→ Directions for this task:
The answer is to be the data that follows, transcribed exactly, minus its pictures.

→ Recorded data:
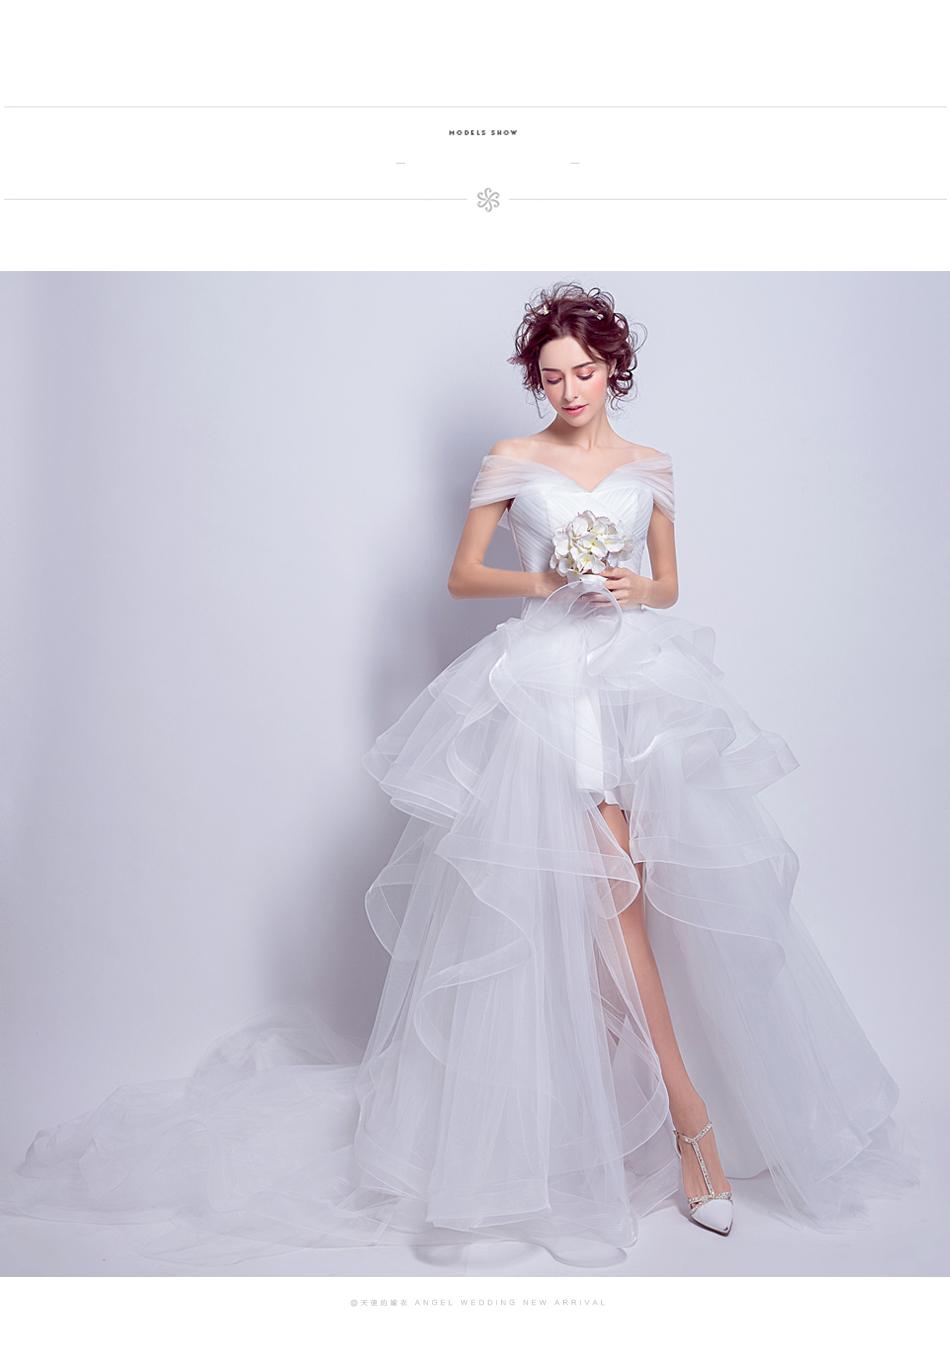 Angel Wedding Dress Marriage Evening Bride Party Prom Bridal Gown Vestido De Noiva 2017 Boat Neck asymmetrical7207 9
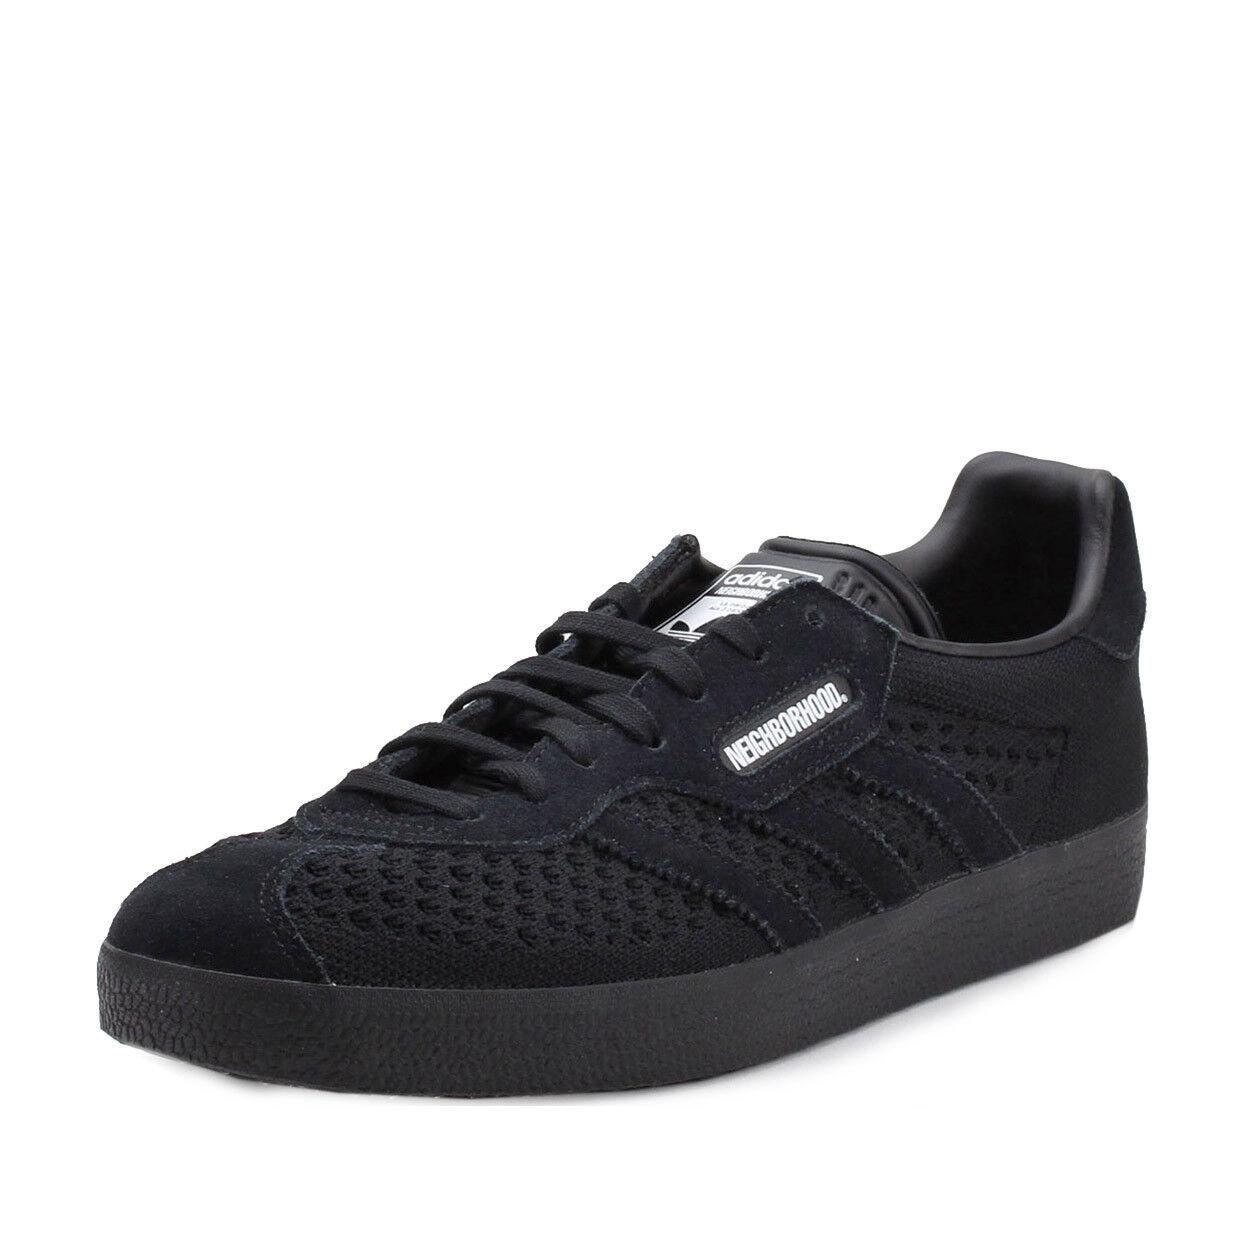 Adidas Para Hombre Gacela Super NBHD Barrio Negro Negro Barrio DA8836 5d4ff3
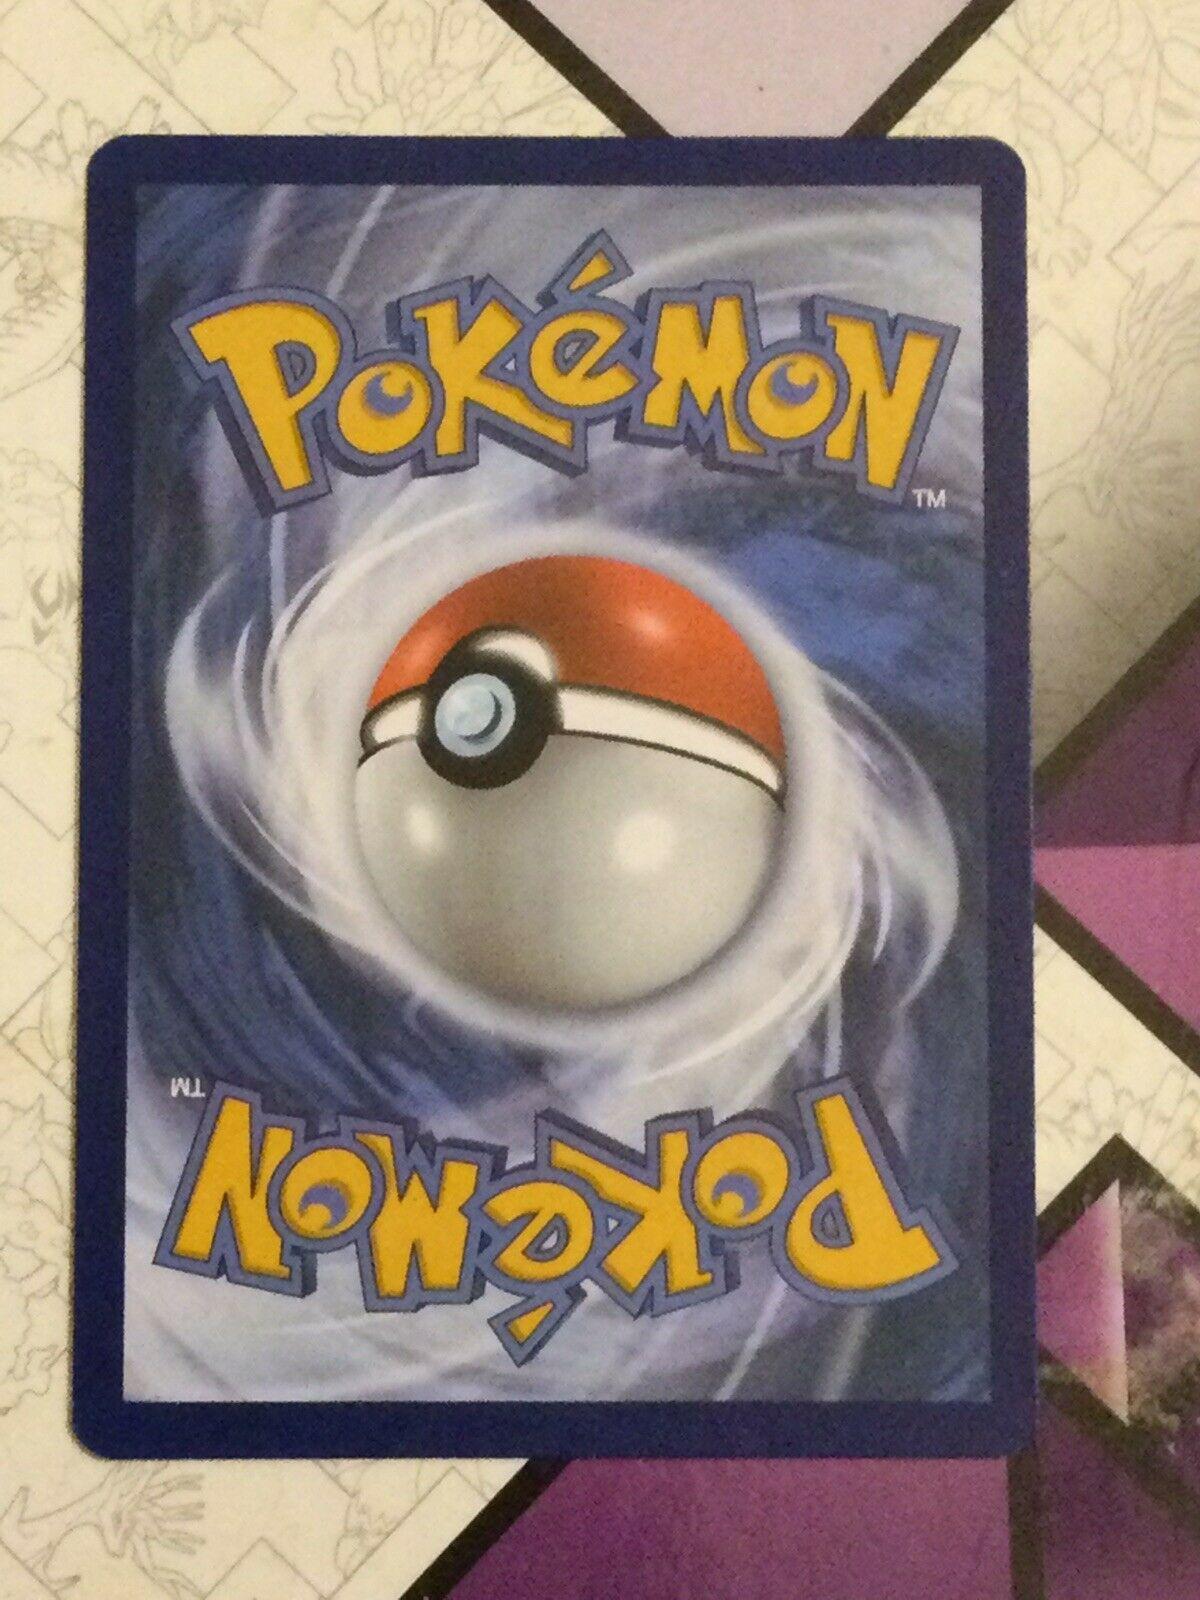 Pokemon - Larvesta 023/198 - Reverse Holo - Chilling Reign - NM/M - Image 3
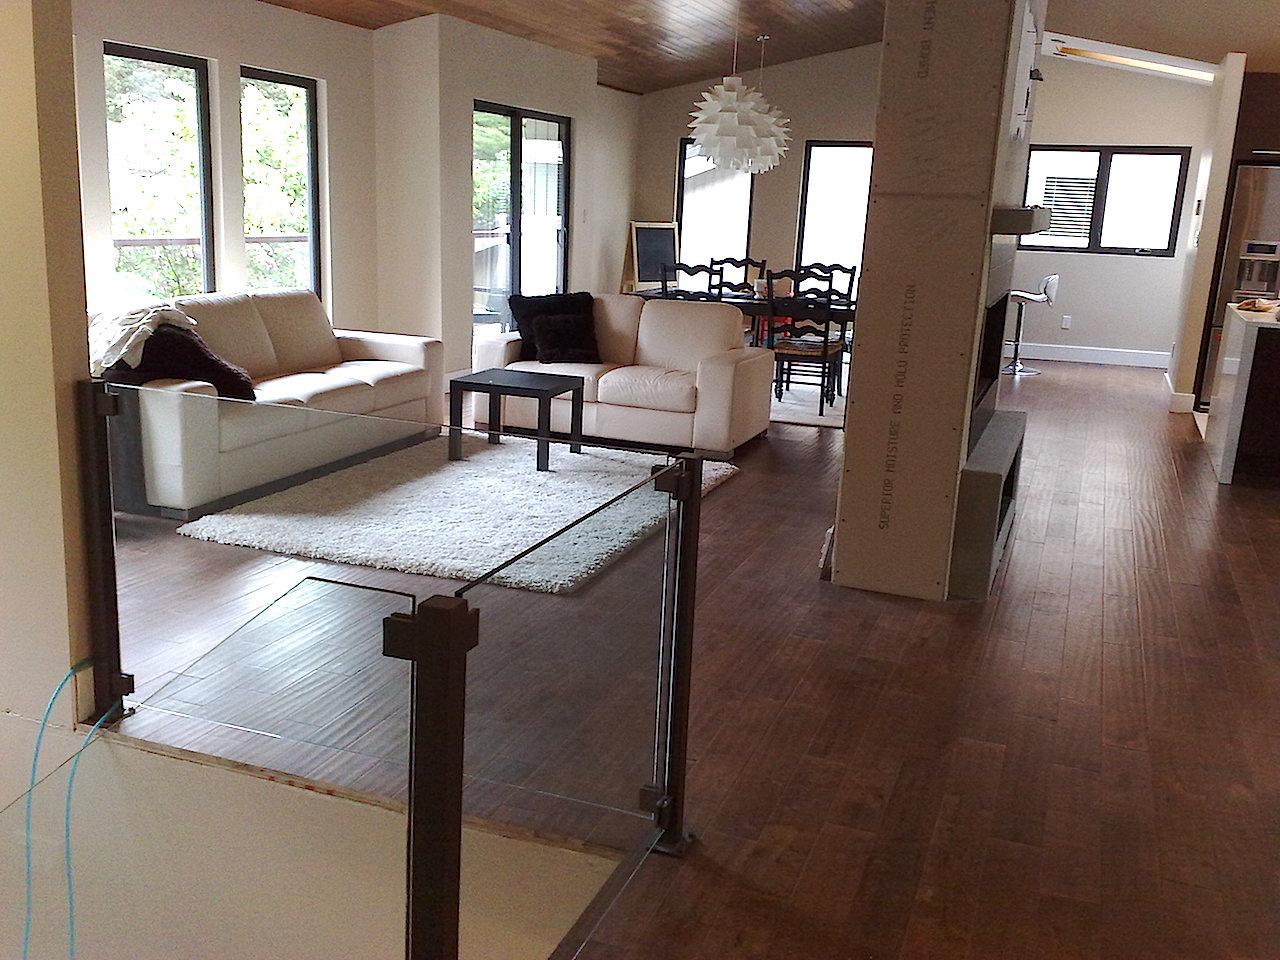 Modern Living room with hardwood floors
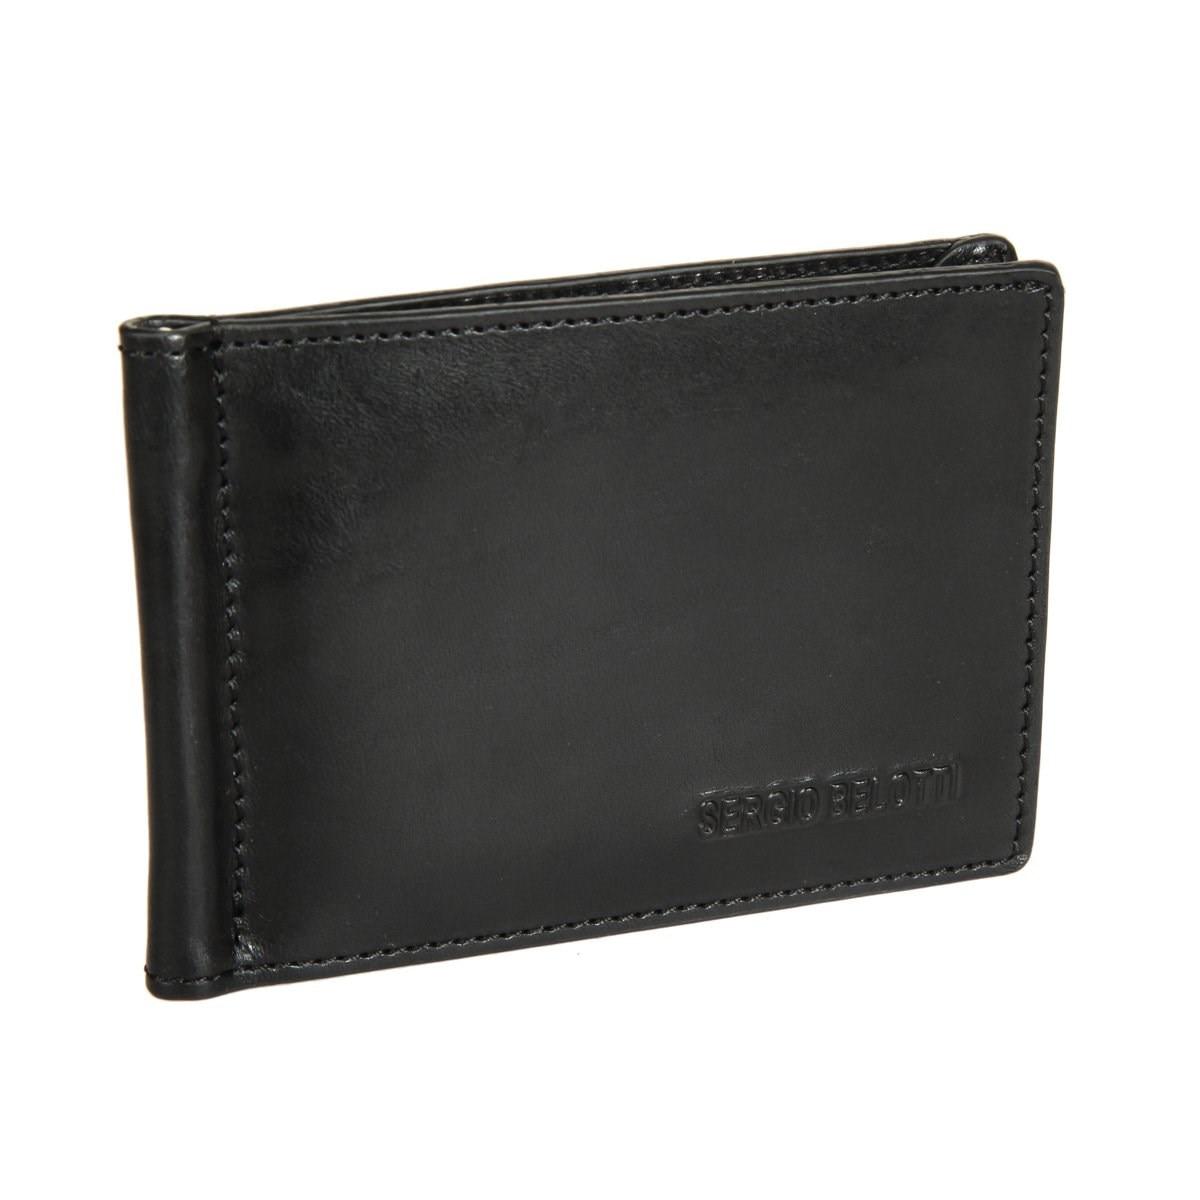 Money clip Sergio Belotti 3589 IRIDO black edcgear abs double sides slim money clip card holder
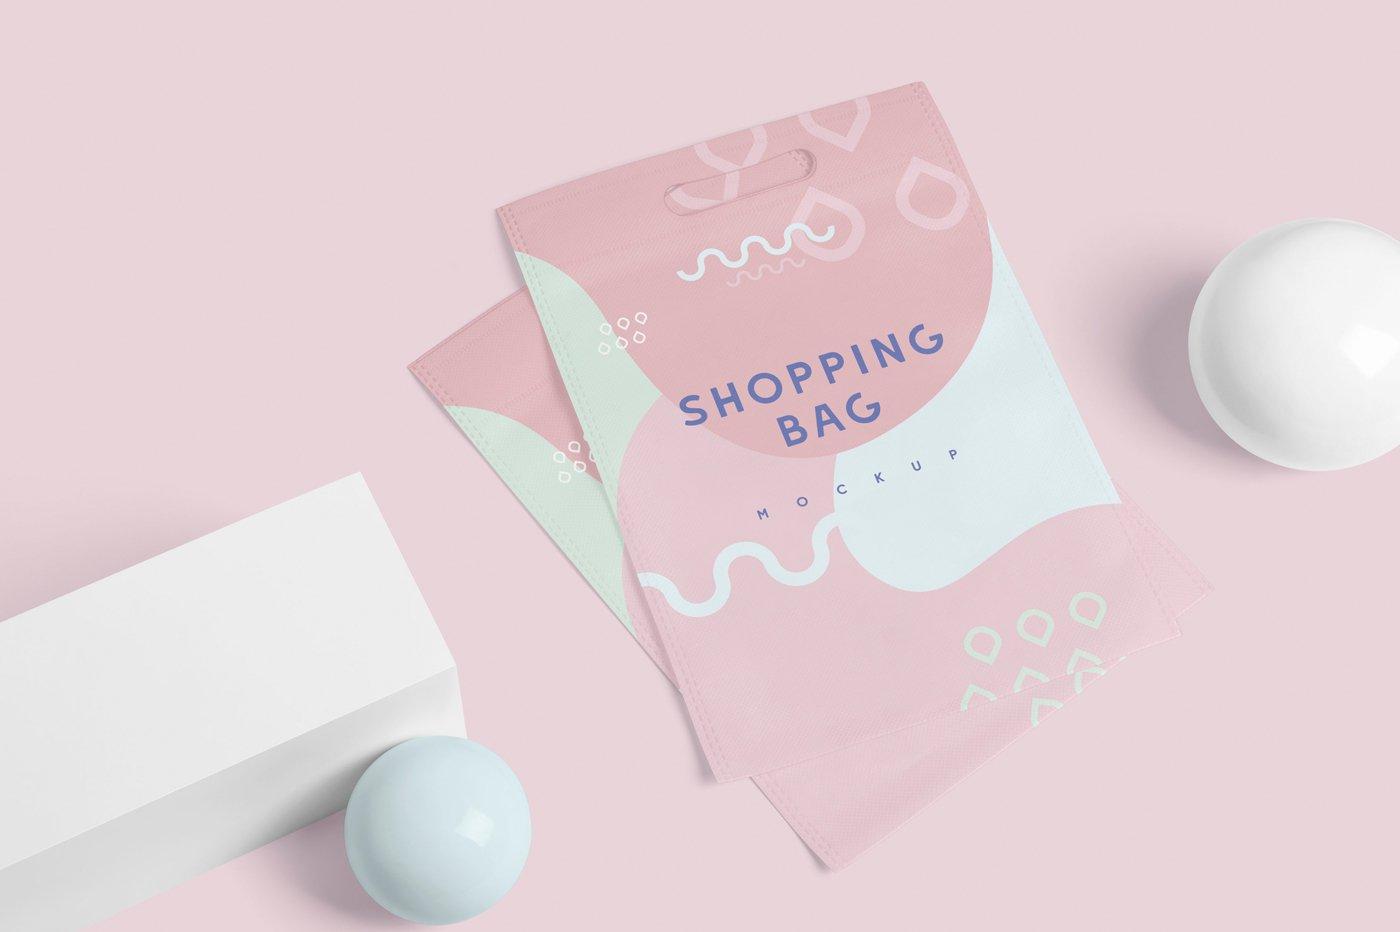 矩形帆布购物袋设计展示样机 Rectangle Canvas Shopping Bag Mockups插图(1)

→ Solution for this task:
 Angel Wedding Dress Marriage Evening Bride Party Prom Bridal Gown Vestido De Noiva 2017 Boat Neck asymmetrical7207 9
 Adidas Para Hombre Gacela Super NBHD Barrio Negro Negro Barrio DA8836 5d4ff3
 Pokemon - Larvesta 023/198 - Reverse Holo - Chilling Reign - NM/M - Image 3
 Modern Living room with hardwood floors
 Money clip Sergio Belotti 3589 IRIDO black edcgear abs double sides slim money clip card holder
 矩形帆布购物袋设计展示样机 Rectangle Canvas Shopping Bag Mockups插图(1)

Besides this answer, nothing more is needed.